Suppose $\lim_{x\to\infty}f(x)\neq 0$. Then there will be some $\epsilon>0$ and a sequence of points $x_k\to\infty$ for which $f(x_k)>2\epsilon$. Since $f$ is continuous, there is a closed interval $I_k$ around each point where $f(x)>\epsilon$ for $x\in I_k$.

For any $E\subset \mathbb{R}$, $c\in\mathbb{R}$, let $c\cdot E$ denote $\{cx\,|\,x\in E\}$.
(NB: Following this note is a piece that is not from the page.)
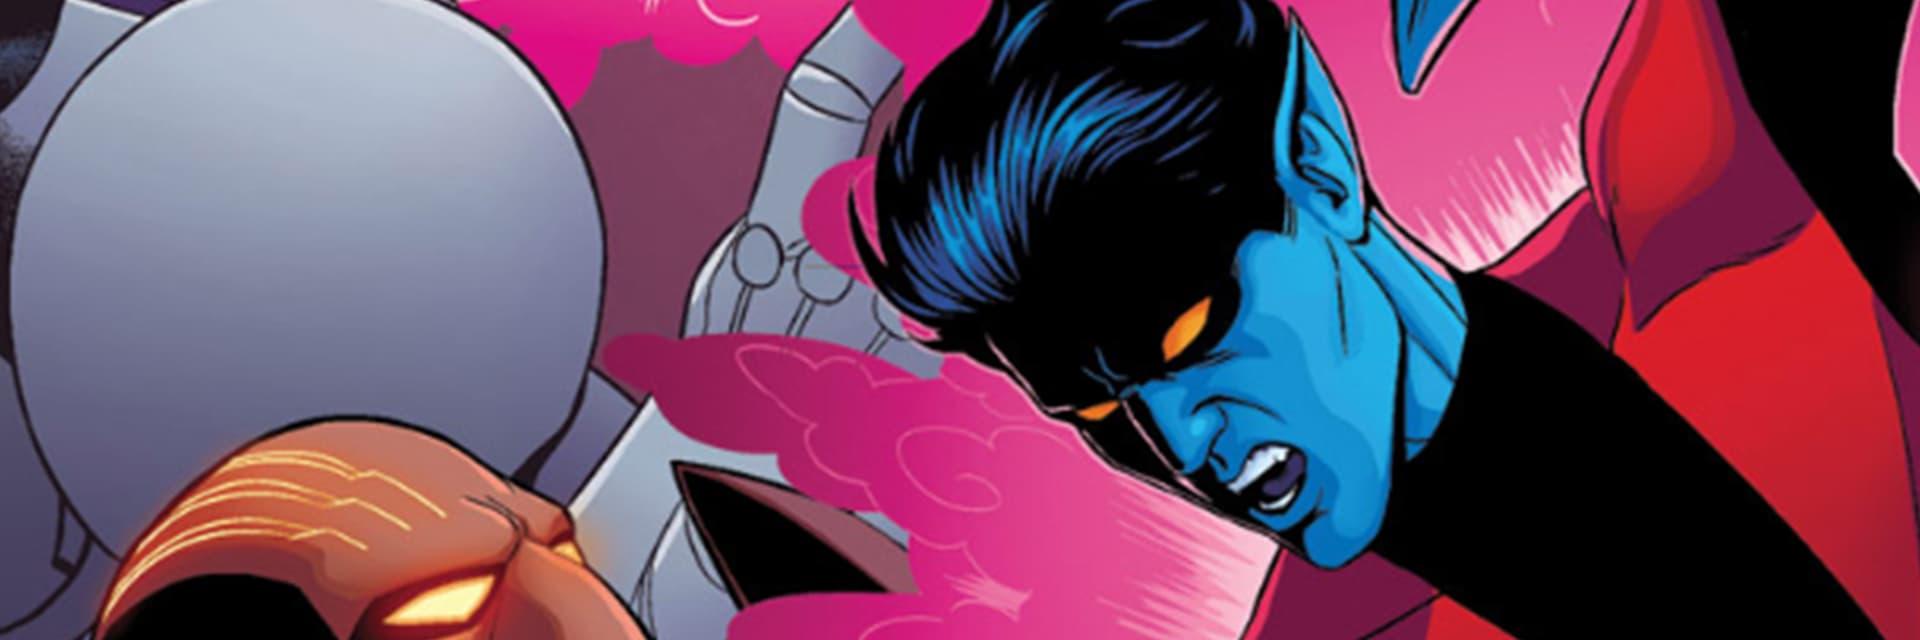 Nightcrawler (Kurt Wagner) Powers, Enemies, & History | Marvel

Let $E_0=[0,1]$. Define a sequence of closed intervals $E_n$ for $n\ge1$ recursively as follows: choose some integer $m$ large enough so that, for some $k$, $(m\cdot E_{n-1})\cap I_k$ is a nontrivial closed interval (not just a point). You can show such an $m$ exists. Then, for that $k$, define $E_n=\frac1m\cdot( (m\cdot E_{n-1})\cap I_k)$. You may have to also insist if you use $I_k$ you choose for $E_n$ was not used for any previous $E_m$.
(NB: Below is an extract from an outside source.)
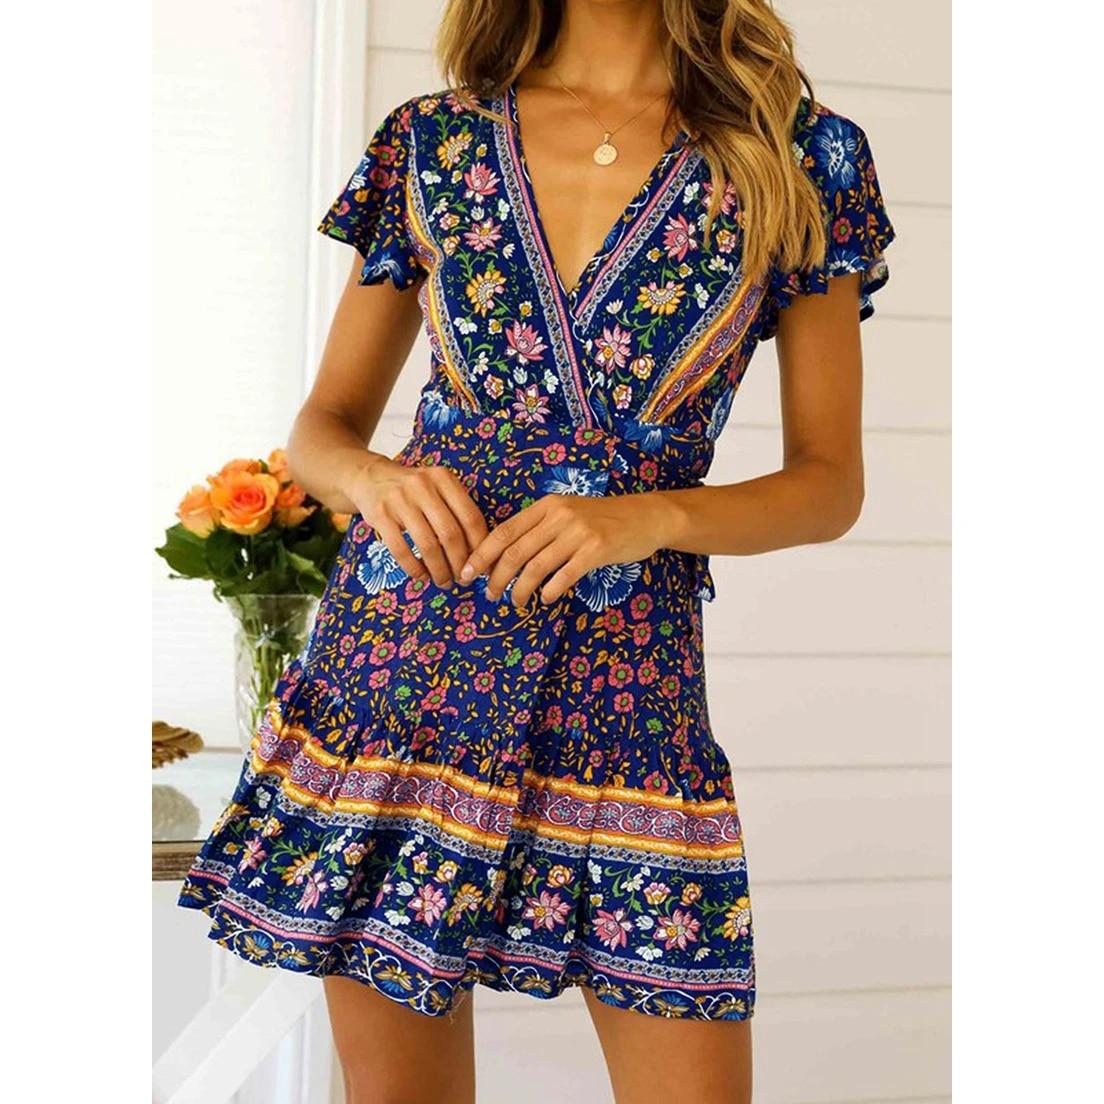 Bohemian Womens Floral Bodycon Dress Ladies Ruffle Summer Holiday Mini A-Line Plus Size Dress

Since the $E_n$ are nested closed intervals, their intersection is nonempty. You can then show that, for any point $e$ in their intersection, the sequence $f(e),f(2e),f(3e)\dots$ will not approach zero, since the sequence $e,2e,3e\dots$ will hit infinitely many intervals $I_k$.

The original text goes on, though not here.